Synchronizing Active Directory with Exchange Server Directory Service |
Before you establish the first connection agreement, it is important that you develop a plan for backing out of the directory synchronization operation and for backup and recovery of data. Work with the network administrators in your organization to create the backup and recovery plan for directory synchronization, which will become a part of the master backup and recovery plan.
This section describes how to back out of a synchronization operation, whether data originates from Exchange Server 5.5 directory service or Active Directory. Additionally, you will find some suggestions on when to back up the directories, and the tools that will help you perform the backup.
Circumstances could occur where you will need to stop the directory synchronization operation in mid-session and cancel all changes made by the ADC. In all cases, you should delete the connection agreement or disable it before you begin the recovery process. The method for recovering the Active Directory to the original state differs depending on how the ADC connection agreement is configured to synchronize the data.
In every instance, you should backup each domain controller that the ADC connects to (or is being written to) using the appropriate Windows 2000 Server backup tools. Of course, you should also back up the Exchange Server 5.5 directory or directories that the ADC is connected to.
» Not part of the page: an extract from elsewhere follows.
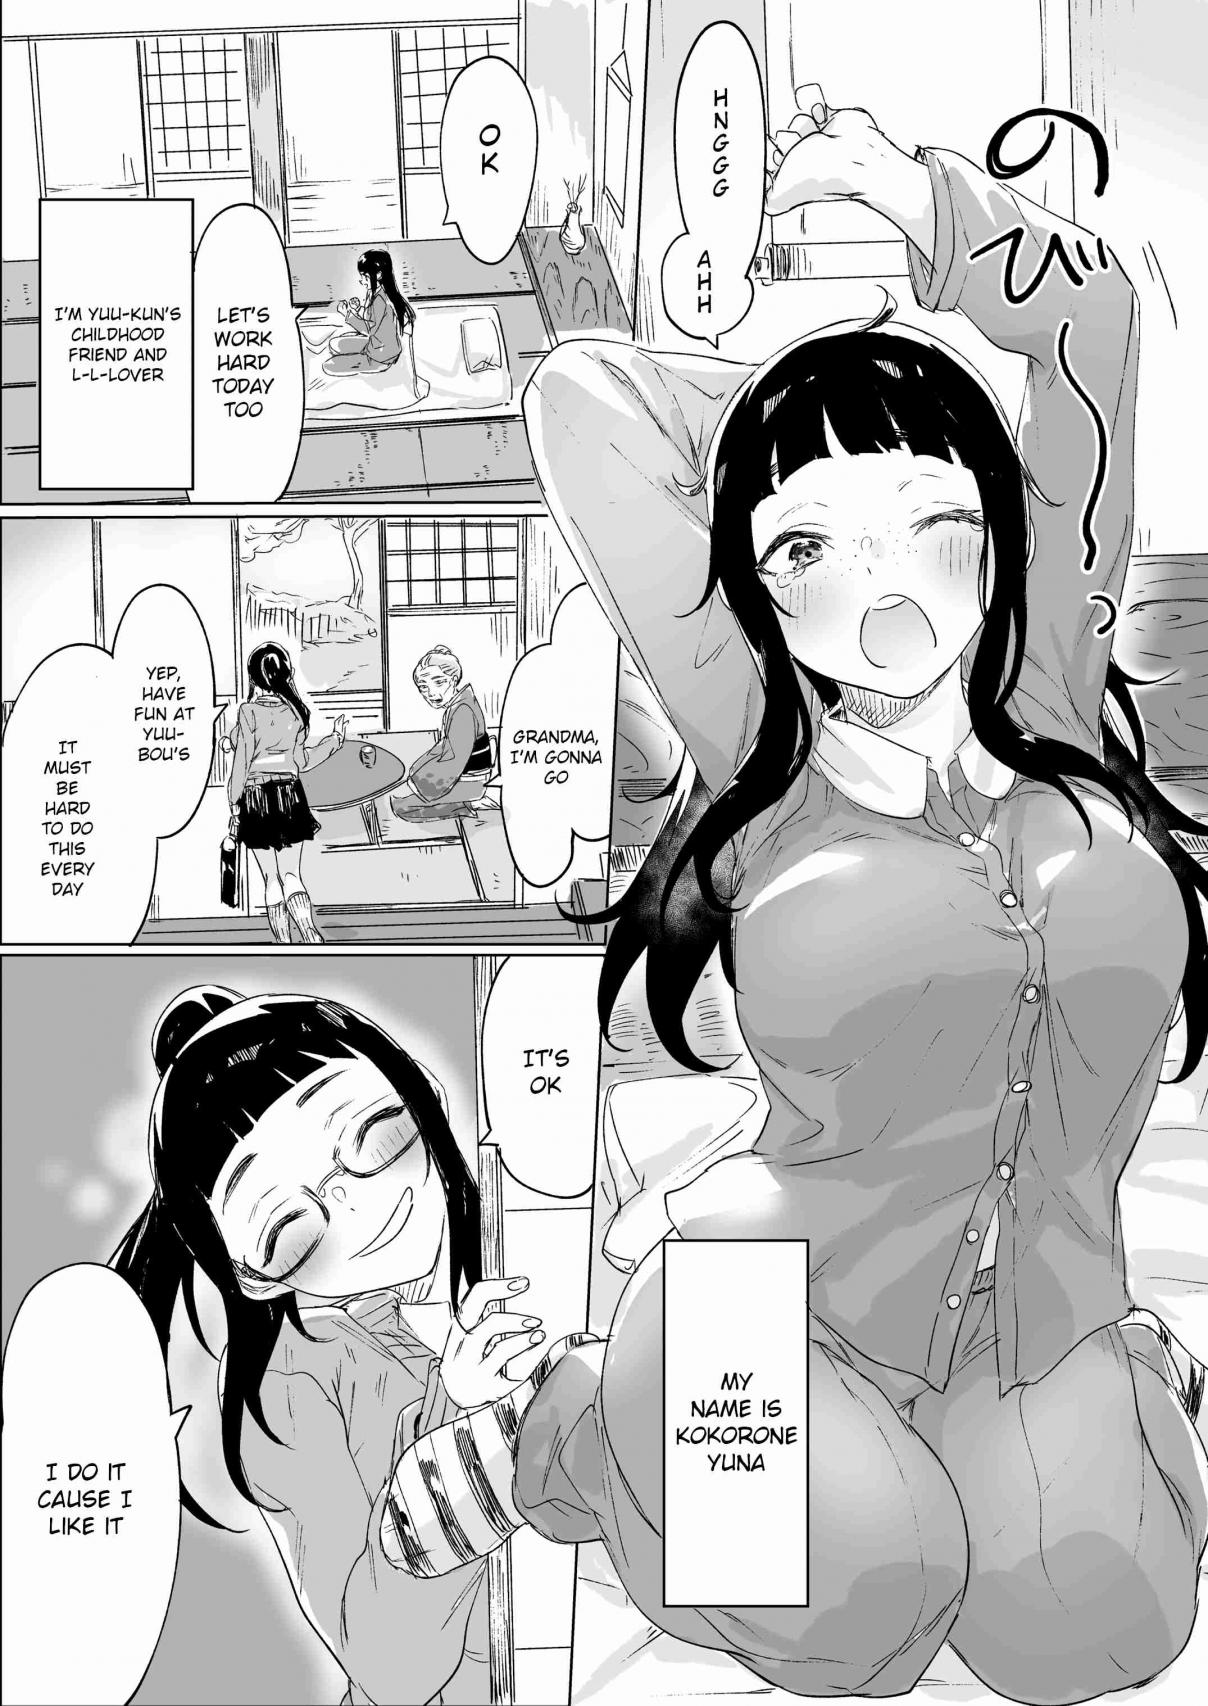 Confessing to my Childhood Friend who’s Worried she’s Plain Vol. 1 Ch. 1
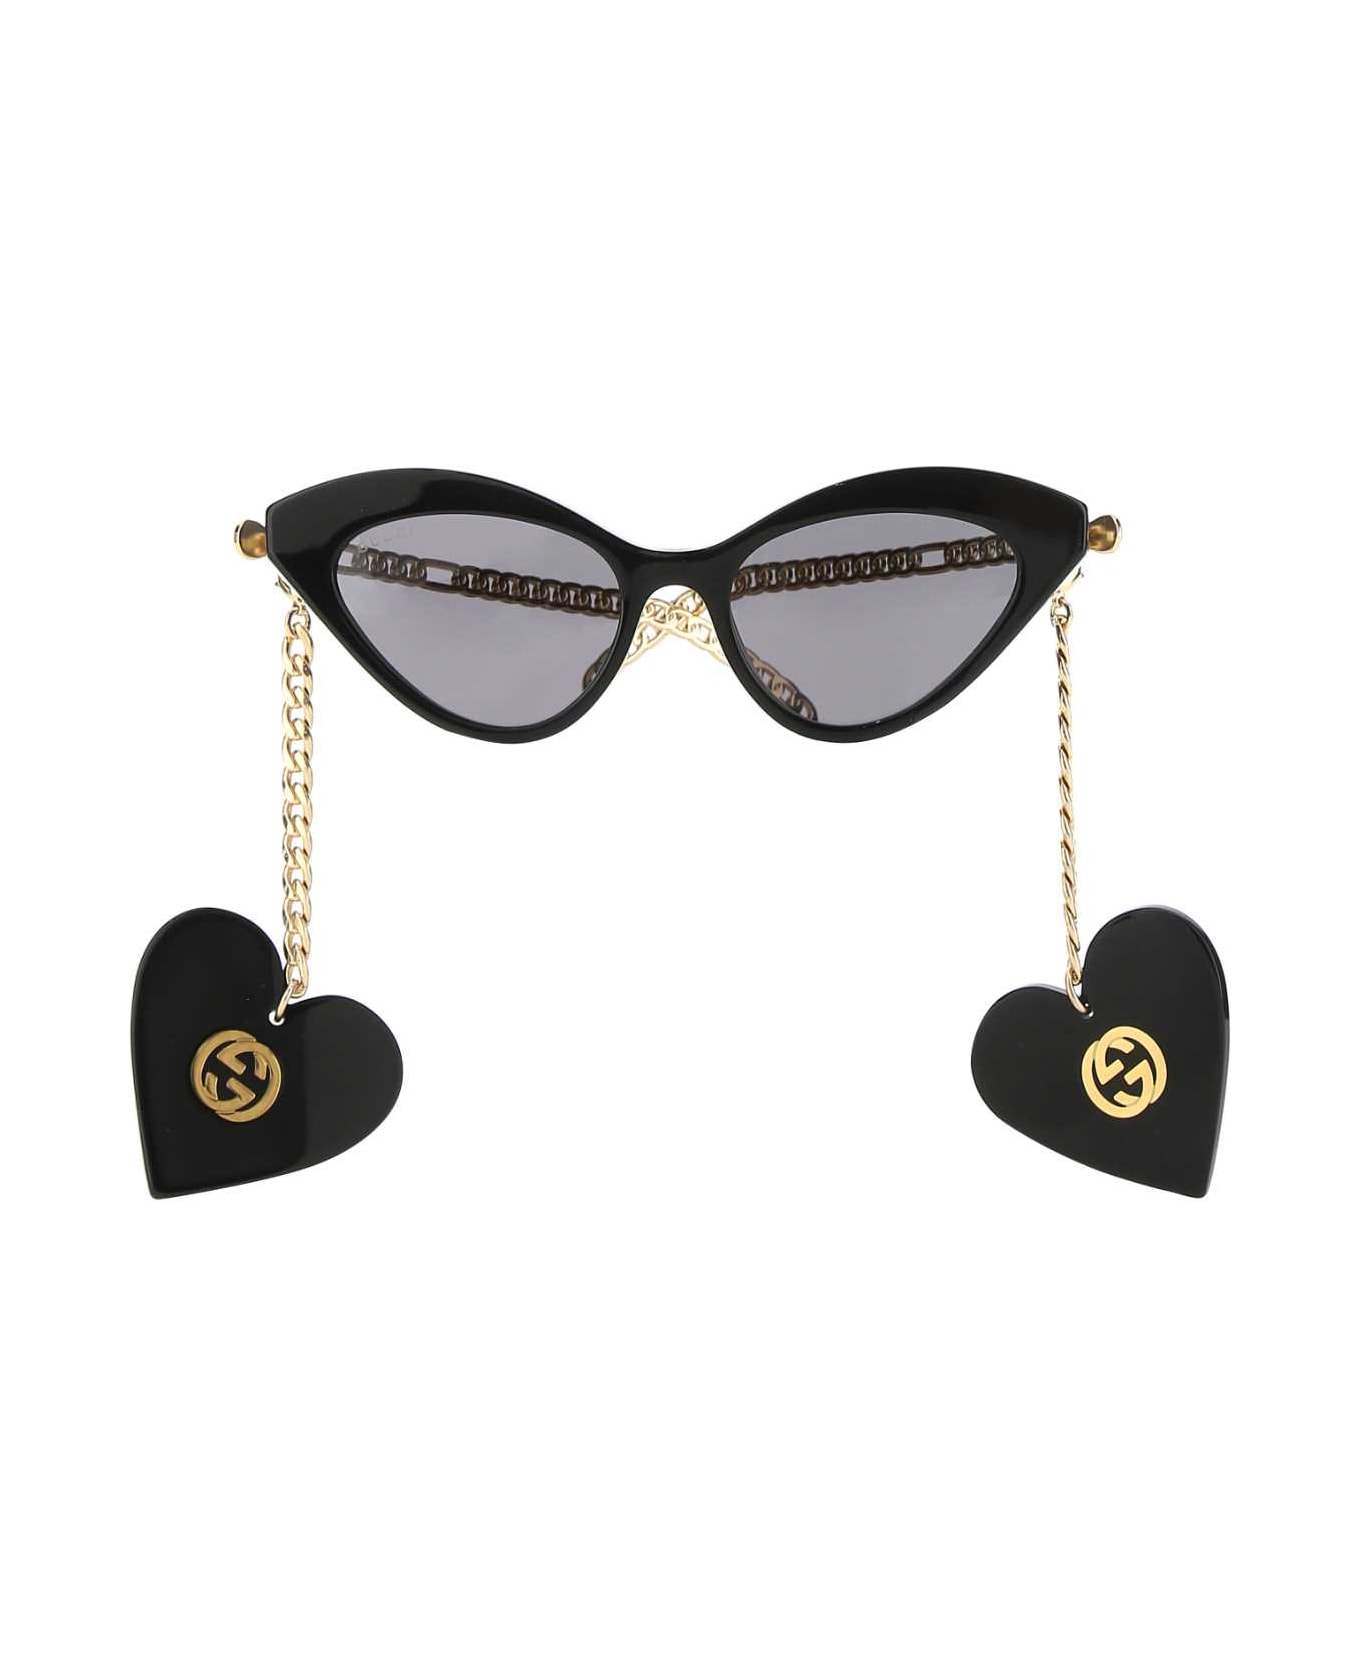 Gucci Two-tone Acetate And Metal Sunglasses - 1012 サングラス

The backup tools you use must support authoritative restore in order for the documented recovery methods to work. An authoritative restore brings a domain or a container back to the state it was at the time of backup and overwrites all changes made since the backup.
For more information about authoritative restore see the chapter "Active Directory Backup and Restore" in the Microsoft® Windows® 2000 Server Resource Kit Distributed Systems Guide.
Two situations which might require you to back out of a synchronization in progress are as follows:
The connection agreement is configured to populate new objects (Contacts and Distribution Groups) in the Active Directory. In this particular case, you would create a dedicated OU where you place only the objects created by the ADC. The recovery method would be to delete the OUs specified in the connection agreement. This removes all the objects created by the connection agreement in the OU. If any other Active Directory objects were placed in this OU (such as Users or Printers) they are also deleted when the OU is deleted. The Users and Printers objects have to be moved before deleting the OU to prevent loss of data.
The ADC is configured to populate the fields of existing objects with information stored in the Exchange Server directory. You can spread the objects across different containers on the domain controller. Canceling the changes made by the ADC requires an authoritative restore in this situation. This cancels the changes made by the ADC but it may cause loss of data. Additionally, all other changes since the last backup in the selected domain or container are also lost.
You could run an authoritative restore against individual containers. First you would determine which containers have been affected and then perform an authoritative restore against these containers.
For more information about disaster recovery, see the chapter "Determining Windows 2000 Storage Management Strategies"in this book, or see the chapters "Backup" and "Repair, Recovery, and Restore" in the Microsoft® Windows® 2000® Server Resource Kit Server Operations Guide.